PROJECT SUMMARY – Diabetic foot ulcers (DFU) are an enormously costly worldwide health concern. They
cause nearly 80,000 lower leg amputations annually in the U.S. alone and are associated with significantly
increased likelihood of death. Strategies to improve their healing have been a subject of intense study for
decades, yet myriad cellular and pathophysiological abnormalities continue to severely limit efficacy of
standard therapies. Promising therapeutic alternatives include the application of cellular scaffolds, topical
growth factors (especially platelet-derived growth factor), or combination wound dressings. However, the
incidence of complete closure remains strikingly low and growth factor delivery strategies largely fail owing to
their instability in the inflammatory, MMP-rich environment of the chronic wound.
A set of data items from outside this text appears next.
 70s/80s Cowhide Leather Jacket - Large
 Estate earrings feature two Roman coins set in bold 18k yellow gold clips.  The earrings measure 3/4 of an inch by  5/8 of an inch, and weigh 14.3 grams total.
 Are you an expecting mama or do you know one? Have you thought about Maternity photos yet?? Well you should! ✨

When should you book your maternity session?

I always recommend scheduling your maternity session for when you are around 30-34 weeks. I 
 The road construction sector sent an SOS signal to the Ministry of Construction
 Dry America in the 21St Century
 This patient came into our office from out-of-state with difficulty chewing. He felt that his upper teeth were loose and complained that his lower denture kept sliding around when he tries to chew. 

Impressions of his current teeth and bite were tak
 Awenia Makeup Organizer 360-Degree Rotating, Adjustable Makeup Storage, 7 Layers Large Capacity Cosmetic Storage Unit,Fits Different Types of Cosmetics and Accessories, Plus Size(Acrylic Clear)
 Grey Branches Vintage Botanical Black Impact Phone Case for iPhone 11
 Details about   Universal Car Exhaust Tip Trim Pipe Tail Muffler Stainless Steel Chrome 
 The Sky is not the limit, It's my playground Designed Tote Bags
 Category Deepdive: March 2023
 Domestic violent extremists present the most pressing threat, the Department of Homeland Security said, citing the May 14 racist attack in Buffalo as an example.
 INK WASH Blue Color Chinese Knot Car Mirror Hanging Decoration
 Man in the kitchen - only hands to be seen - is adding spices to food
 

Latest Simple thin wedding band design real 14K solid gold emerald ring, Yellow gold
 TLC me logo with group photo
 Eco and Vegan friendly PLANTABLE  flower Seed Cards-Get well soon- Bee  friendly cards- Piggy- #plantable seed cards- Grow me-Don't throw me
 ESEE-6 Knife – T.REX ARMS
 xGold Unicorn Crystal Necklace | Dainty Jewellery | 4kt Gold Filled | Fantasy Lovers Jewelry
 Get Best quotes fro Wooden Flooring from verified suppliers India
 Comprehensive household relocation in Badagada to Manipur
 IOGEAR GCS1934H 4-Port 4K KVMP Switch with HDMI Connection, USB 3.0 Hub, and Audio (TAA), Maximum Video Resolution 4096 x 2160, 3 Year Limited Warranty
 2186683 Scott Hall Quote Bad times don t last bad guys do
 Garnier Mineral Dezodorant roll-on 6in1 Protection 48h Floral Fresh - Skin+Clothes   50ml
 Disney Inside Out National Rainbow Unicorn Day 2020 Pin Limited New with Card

New strategies that can
normalize this proteolytic and inflammatory environment, by stimulating local production of therapeutic proteins
by fibroblasts and macrophages, would thus offer a provocative approach to improve clinical outcomes.
We have recently demonstrated that protease activity in the wound bed can be harnessed to
stimulate localized growth factor gene delivery and provide tailorable expression of growth factors
over multiweek timeframes. We introduce collagen mimetic peptide (CMP) and therapeutic gene-modified
collagens (COATs) as a platform for (i) robust retention of growth factor-encoding polyplexes in collagen-
containing wound dressings and (ii) localized, cell-initiated gene delivery during collagen remodeling. Because
COATs integrate DNA polyplexes directly into collagen fibrils, our approaches have been shown to significantly
improve in vivo wound repair at concentrations of growth factors orders of magnitude lower than those in
currently employed topical therapies. These outcomes, coupled with recent advances in the translation of other
gene therapies, suggests the high potential for clinical impact of the COATs platform.
In the proposed R01 program, we will apply COATs in experimental DFUs and cell-based assays to
understand three important aspects of orchestrating wound repair, in the following three Aims. In Aim 1, we will
probe variations in CMP modifications that optimize the extended delivery of genes (initially for platelet-derived
growth factor (PDGF)) in a murine diabetic wound environment. In Aim 2, we will complement these studies
with cell-based investigations that elucidate the role of MMPs (soluble and membrane-bound) in regulating
PDGF gene delivery by COATs and PDGF protein lifetime. In Aim 3, we will test how COATs-mediated,
sequential delivery of genes for immunomodulatory cytokines (IL4 and IL10) modulates MMP activity in DFUs.
These approaches will provide both mechanistic insights for resolving the chronicity of DFUs, and also a new
platform that could be integrated into existing wound-care strategies to dramatically improve clinical outcomes.